La satisfacción de Elinor en el momento de la partida fue más positiva. Nada había en Londres que entretuviera sus pensamientos y permaneciera en sus recuerdos; a nadie dejaba atrás de quien separarse para siempre le significara ni un instante de pena; le alegraba liberarse de la persecución de la amistad de Lucy; estaba agradecida por alejar de allí a su hermana sin que se hubiese encontrado con Willoughby desde su matrimonio, y tenía puestas sus esperanzas en lo que unos pocos meses de sosiego en Barton podrían hacer para devolver la paz de espíritu a Marianne, y fortalecer la suya propia.

El viaje transcurrió sin novedad. El segundo día los llevó al querido, o repudiado, condado de Somerset, que así aparecía por turnos en la imaginación de Marianne; y en la mañana del tercer día llegaron a Cleveland.

Cleveland era una casa amplia, de moderna construcción, ubicada en la pendiente de una loma cubierta de pastizales. No tenía parque, pero los jardines eran de buen tamaño; y como cualquier otro lugar de la misma importancia, tenía su monte bajo y su alameda; por un camino de grava lisa que circundaba una plantación se llegaba a la fachada principal de la casa; el césped estaba salpicado de árboles; la casa misma se erguía al resguardo de abetos, serbales y acacias, y todos juntos, mezclados con altos chopos lombardos, constituían una espesa barrera que ocultaba la vista de las habitaciones.

Marianne entró en la casa con el corazón lleno de emoción por saberse a solo ochenta millas de Barton y a no más de treinta de Combe Magna; y antes de haber estado quince minutos entre sus muros, mientras los demás ayudaban a Charlotte, que deseaba mostrarle el niño al ama de llaves, salió de nuevo, escabulléndose por los sinuosos senderos entre los arbustos que acababan de empezar a reverdecer, para alcanzar un montículo distante; y allí, desde un templete griego, su mirada, recorriendo una amplia zona de campiñas hacia el sudeste, pudo posarse tiernamente en las lejanas colinas recortadas contra el horizonte e imaginar que desde sus cumbres se llegaría a divisar Combe Magna.

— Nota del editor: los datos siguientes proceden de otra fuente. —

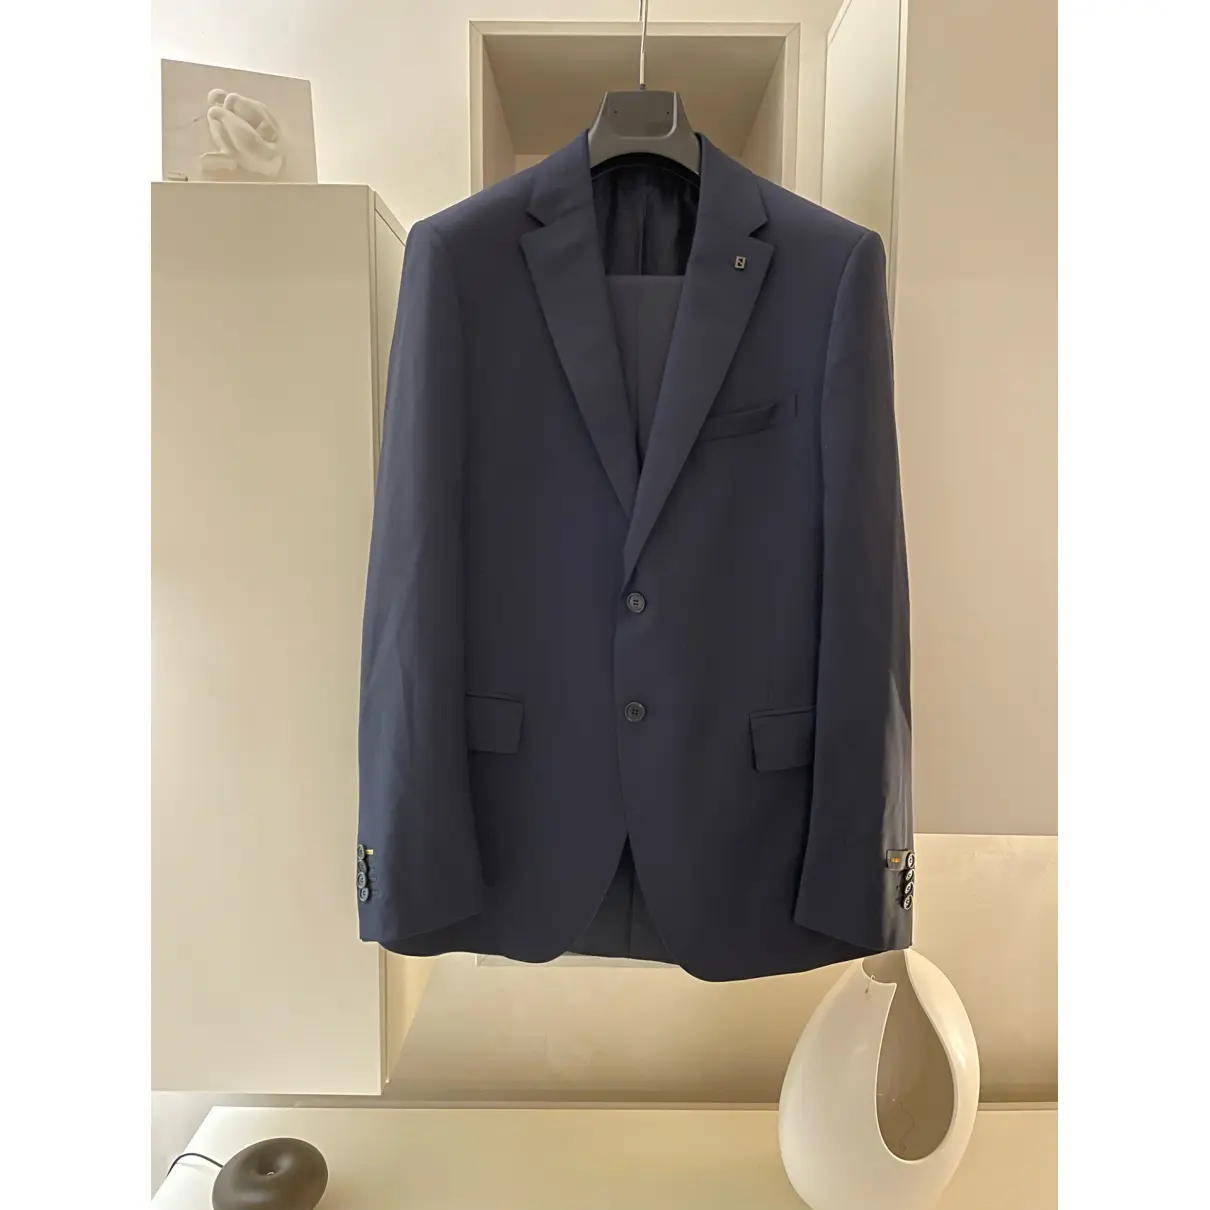 Buy Fendi Suit online

En tales instantes de preciosa, incomparable angustia, se embriagó en lágrimas de agonía por estar en Cleveland; y al volver por caminos diferentes a la casa, sintiendo el feliz privilegio de gozar de la libertad del campo, de vagar de un lugar a otro en una soberana y lujosa soledad, resolvió entregarse la mayor parte de las horas de todos los días que permanecería con los Palmer al placer de estos vagabundeos solitarios.

Volvió justo a tiempo para unirse a los demás en el instante en que salían de la casa en una excursión por las inmediaciones; y el resto de la mañana pasó rápidamente mientras paseaban con toda calma por el huerto, examinando las enredaderas en flor sobre los muros y escuchando al jardinero lamentarse por las plagas; recorrieron sin apuro el invernadero, donde la pérdida de sus plantas favoritas, incautamente expuestas y quemadas por las heladas, hicieron reír a Charlotte; y visitaron el corral de aves, donde encontró nuevos motivos de regocijo en las rotas esperanzas de la moza: gallinas que abandonaban sus nidos, o se las robaba un zorro, o nidadas de prometedores polluelos que morían antes de su desarrollo.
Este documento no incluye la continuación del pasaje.